“阮總說笑了,我怎么會懷疑您呢”段梟沖著阮華光揚起一個人畜無害的笑臉。
阮華光臉上的表情還沒來得及緩和。
就聽見段梟扭頭將高腳杯里的血液遞給了大雷,冷著臉吩咐道
“把這杯血帶回警局檢查”
上一秒還說不懷疑阮華光,下一秒就要拿孫周的血液帶回警局檢查。
別說是阮華光自己了,就連在場的人都在替他尷尬。
人家都說當面一套,背后一套
可硬生生做成當面一套,當面又一套,當著阮華光的面一套又一套的。古往今來也就出了段梟這么一朵奇葩吧。
“站住,你不能走”
大雷拿著采集好的血液,正打算離開,卻被阮華光給攔住了。
在血液里的物質揮發之前,他必須得拖住這個人。
“咋滴”大雷黑著一張臉連家鄉話都說出來了。他就不喜歡和這幫人打交道,臟心爛肺的玩意兒,穿的倒是人模狗樣的。
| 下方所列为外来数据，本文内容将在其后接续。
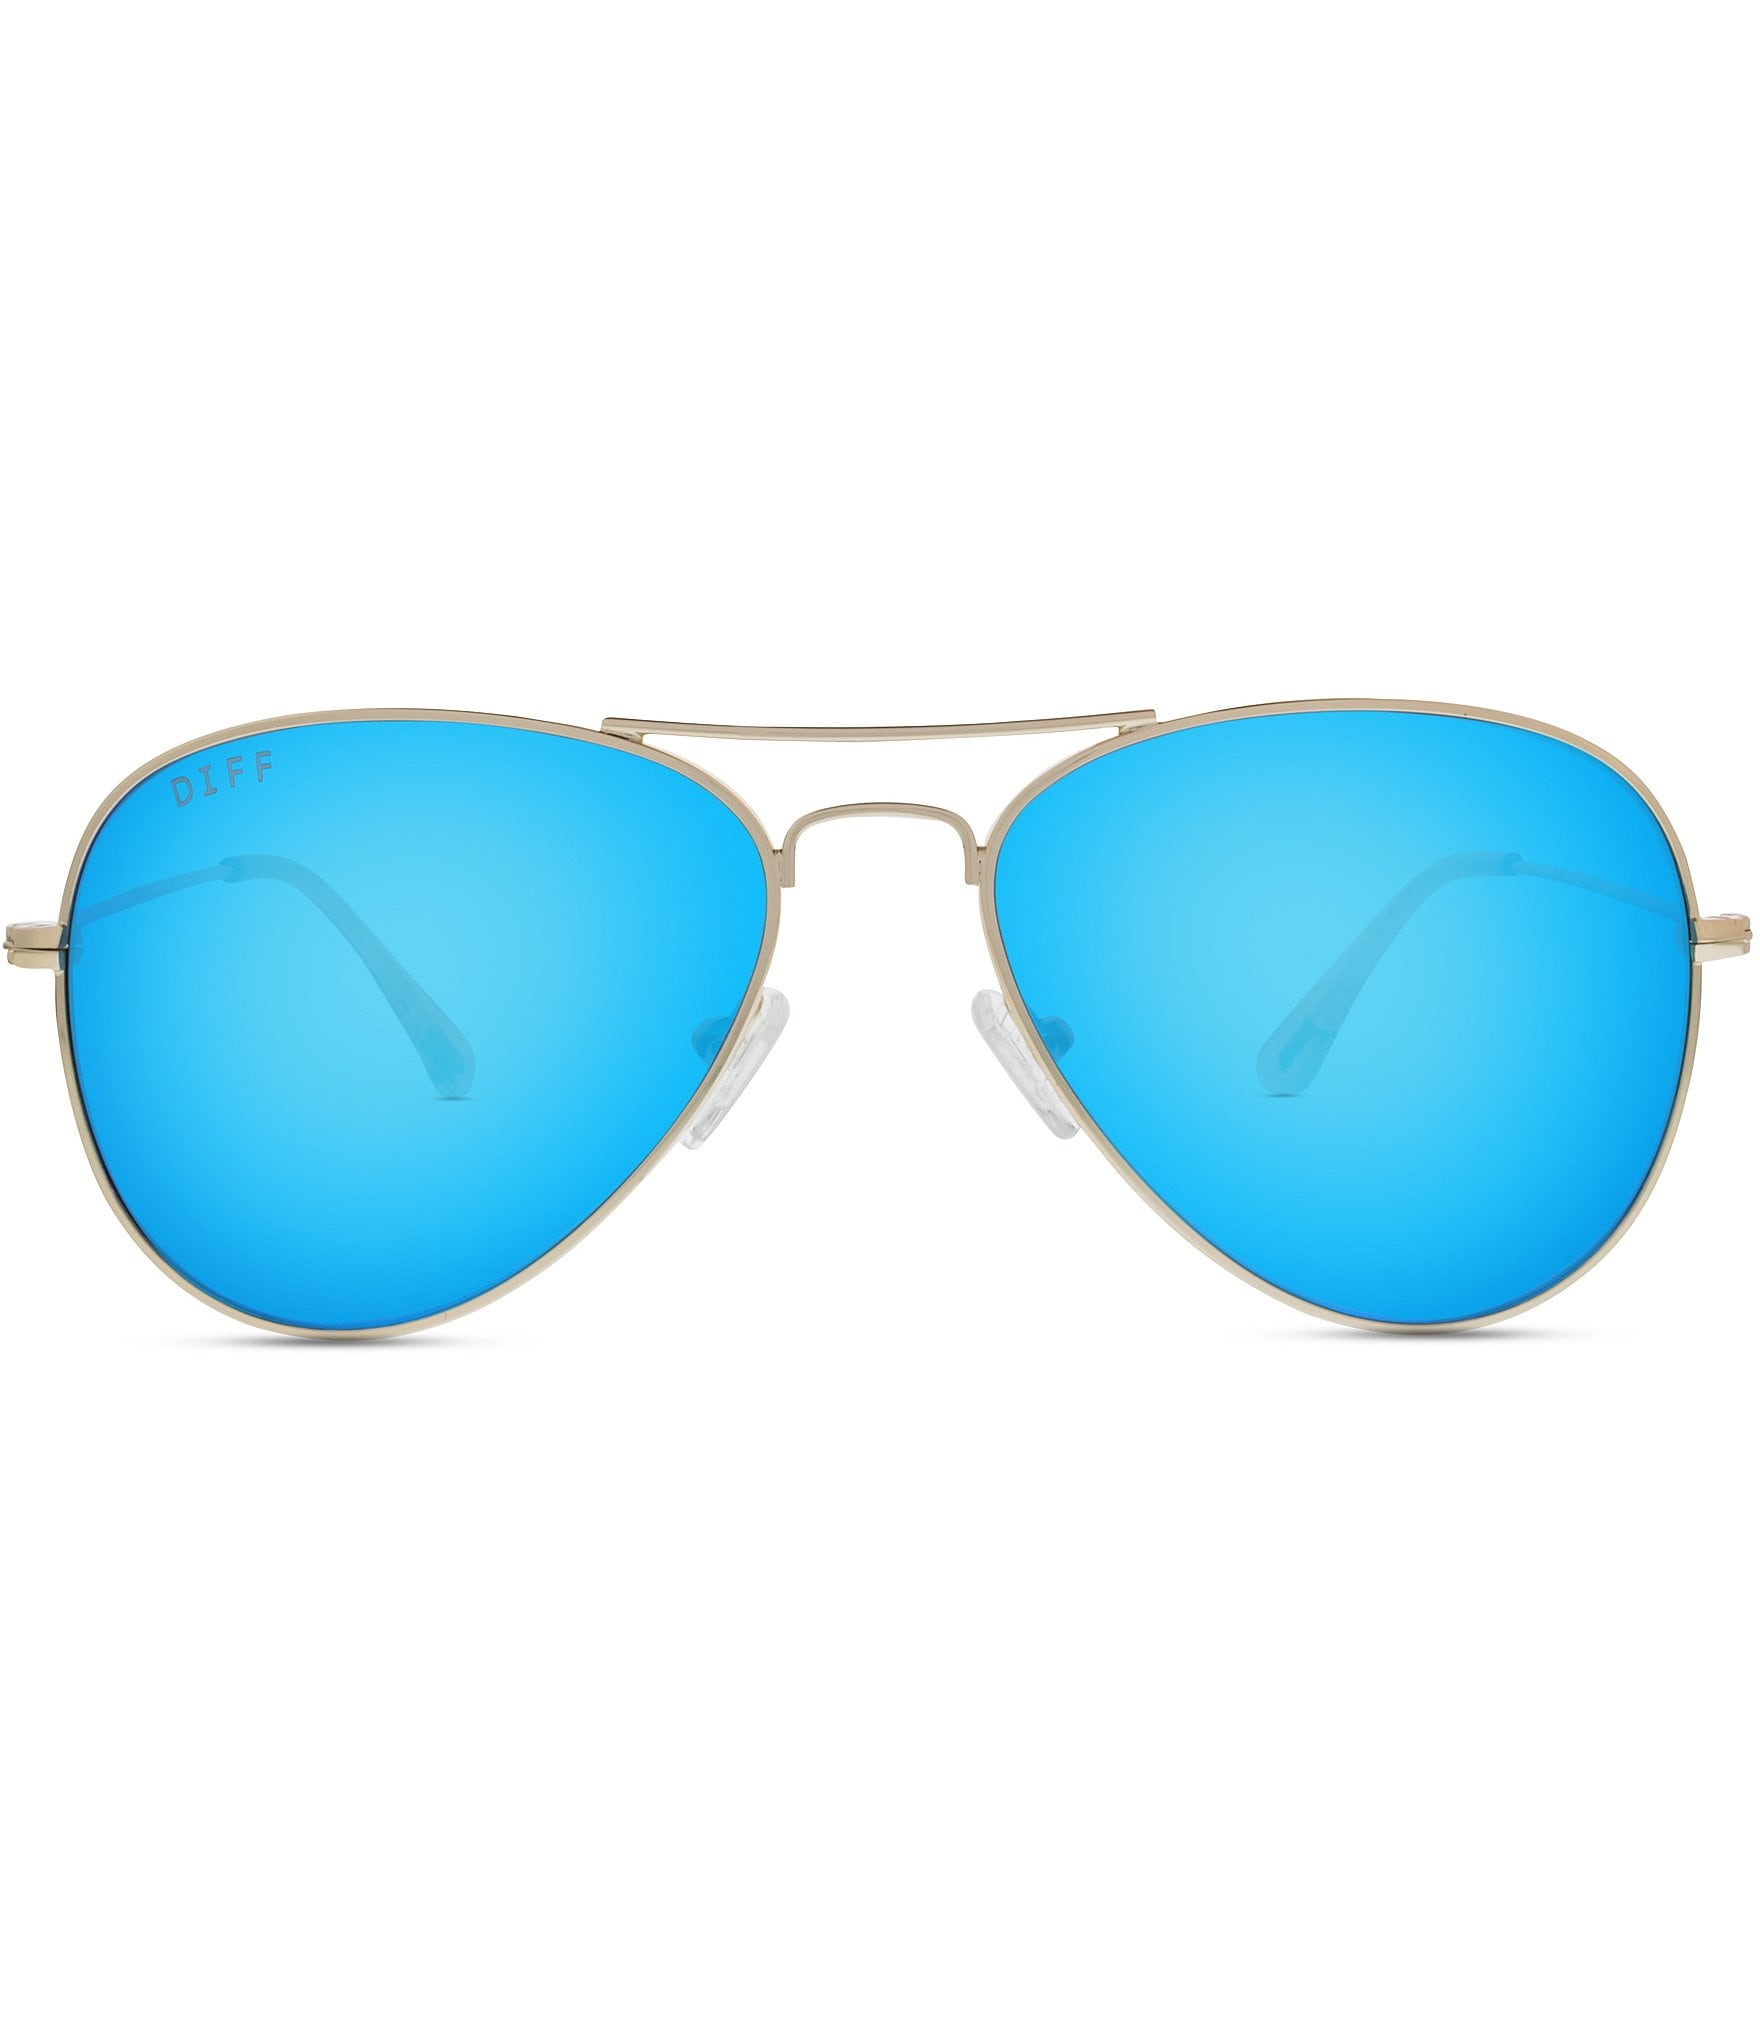 eab1995ea9 DIFF Eyewear Women s Sunglasses   Eyewear

“你毀了我的畫,就打算這么一走了之了”阮華光指著地上的那幅苔痕樹影圖,這幅畫從墻上掉下來的時候正面朝上,原本悔的不算厲害,但因為段梟給孫周放血,到時讓血跡見了不少在這畫上。
“啊,阮總你說這幅畫呀”段梟勾唇一樂,要說這阮華光反正是上道啊,前腳給他挖個坑,后腳他就迫不及待地跳下來了。
“我聽孫經理說這幅畫是你朋友送給你的”段梟挑眉。
阮華光一時間沒弄明白段梟這話是什么意思,不過這幅苔痕樹影圖的確是別人送的。當時得了這么一副名畫,阮華光還高興了挺長時間呢,跟不少人炫耀過,因此知道這件事情的人不在少數。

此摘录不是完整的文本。